Durante el día tenían tres formaciones y recuentos: a las 9 de la mañana, al mediodía y al anochecer. Y en situación de firmes, con el brazo en alto, cantaban los tres himnos: el de Falange, por la mañana; el de Requetés, al mediodía; y la Marcha Real por la noche. Para terminar con los vivas de rigor: Franco, Franco, Franco.
A Julián Besteiro lo juzgaron el 8 de julio de 1939. En su juicio, el fiscal teniente coronel Felipe Acedo, antiguo alumno suyo de Lógi­ca, se expresó así en el juicio:
–Se va a juzgar a un hombre de convicciones honestas; de sentimientos honrados en su vida particular; pero, se va a juzgar no sólo a Julián Besteiro Fernández, hombre honrado en su vida privada, sino toda su actuación como hombre público.
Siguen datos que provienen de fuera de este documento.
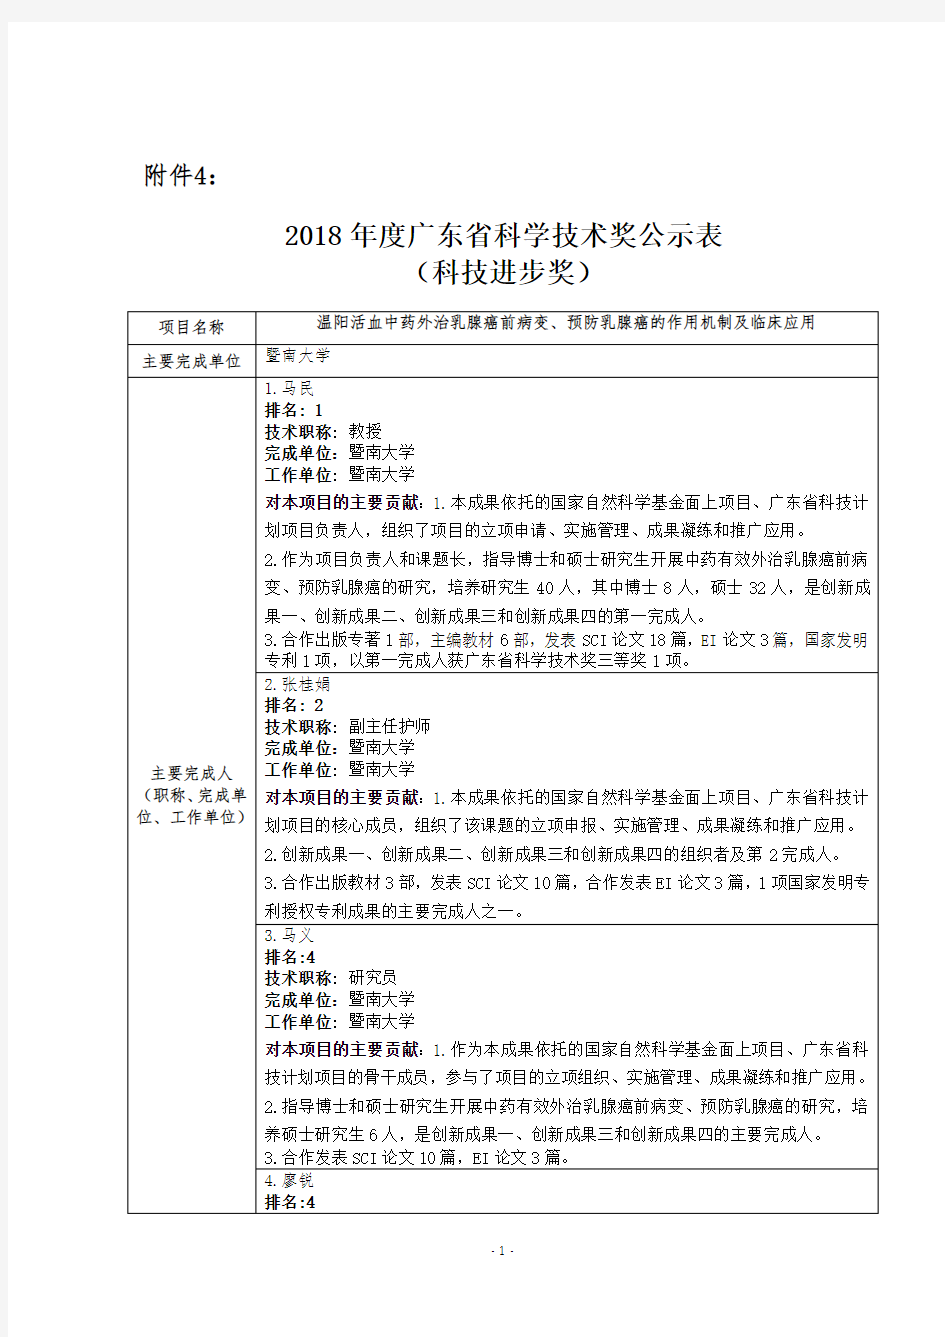 2018年度广东省科学技术奖公示表-暨南大学科技处

Va a juzgarse a un directivo del Partido Socialista Español; propagandista del mito revolucionario, modernizándolo, elegantizándolo; haciéndolo más asequible a las clases cultas del País; desprendiéndolo de una filosofía que ya ha pasado; de una filosofía materialista del Enciclopedismo; al autor de la revolución española del año 1917; a un líder de las masas obreras de la UGT; al presidente de las Cortes Republicanas; y se va a juzgar al hombre que, repudiando la revolución de 1934, figuró después en la candidatura del Frente Popular, y llevó, más tarde, una representación oficial ante el Gobierno de Su Majestad Británica; al hombre que llega a Londres y quiere negociar un armisticio en nombre de la República Española.
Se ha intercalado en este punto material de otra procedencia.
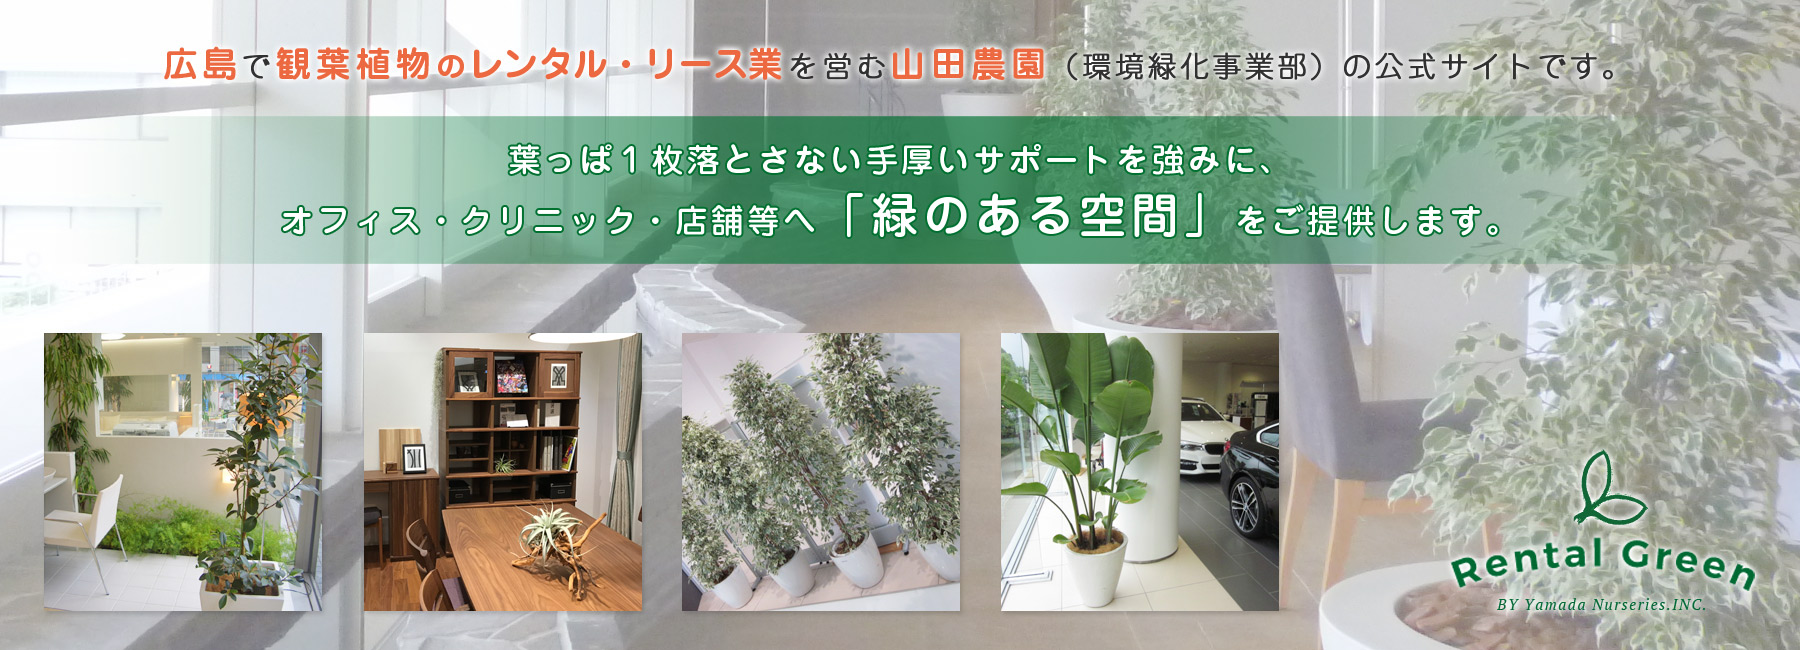  » マングーカズラ【広島で観葉植物レンタルのオススメ】

Y terminó su filípica con el siguiente epílogo:
–En nombre de la ley, os pido para el procesado, en mérito de los hechos registrados en autos y en mérito a sus actuaciones, la pena de muerte.
Finalmente lo condenaron a cadena per­petua, conmutada por la de 30 años de reclusión mayor.
Y en Carmona estará entre tantos curas, hasta que su edad y las pésimas condiciones de la cárcel lo lleven a la tumba un año después, 27 de septiembre de 1940, a los setenta años de edad.
No era un hombre creyente, pero muy respetuoso con la religión. En uno de sus discursos en las Cortes Constituyentes de la República vino a citar La Imitación de Cristo de Tomás de Kempis, libro que admiraba y del que vino a decir en cierta ocasión que era a su juicio la obra más profunda sobre el «carácter humano». En la cárcel de Carmona, para paliar sus estrecheces económicas, iniciará la traducción del alemán al español del libro del teólogo alemán Karl Adam Christus Unser Bruder (Cristo nuestro hermano), y en esta tarea le sorprendió la muerte.
El P. León, un chicarrón del Norte en sus hábitos de carmelita, al ver «a don Julián absorto en la lectura de la Biblia sentado en una hamaca que debió pertenecer in illo tempore al prior del convento franciscano horas y horas bajo un hermoso níspero que quedaba del que fuera jardín de los frailes», le preguntó:
–¿Qué siente usted leyendo la Biblia?
Besteiro le contestó:
–Aparte de haber considerado desde muy joven la Biblia como una de las obras más importantes escritas en todos los tiempos, resulta que además hay libros de ella que aconsonantan perfectamente con el estado desilusionado de mi espíritu.
Y citó la frase del Eclesiastés: «Todo es en este mundo vanidad de vanidades» y «La vida del hombre es la flor de heno que a la mañana se abre y a la tarde se marchita».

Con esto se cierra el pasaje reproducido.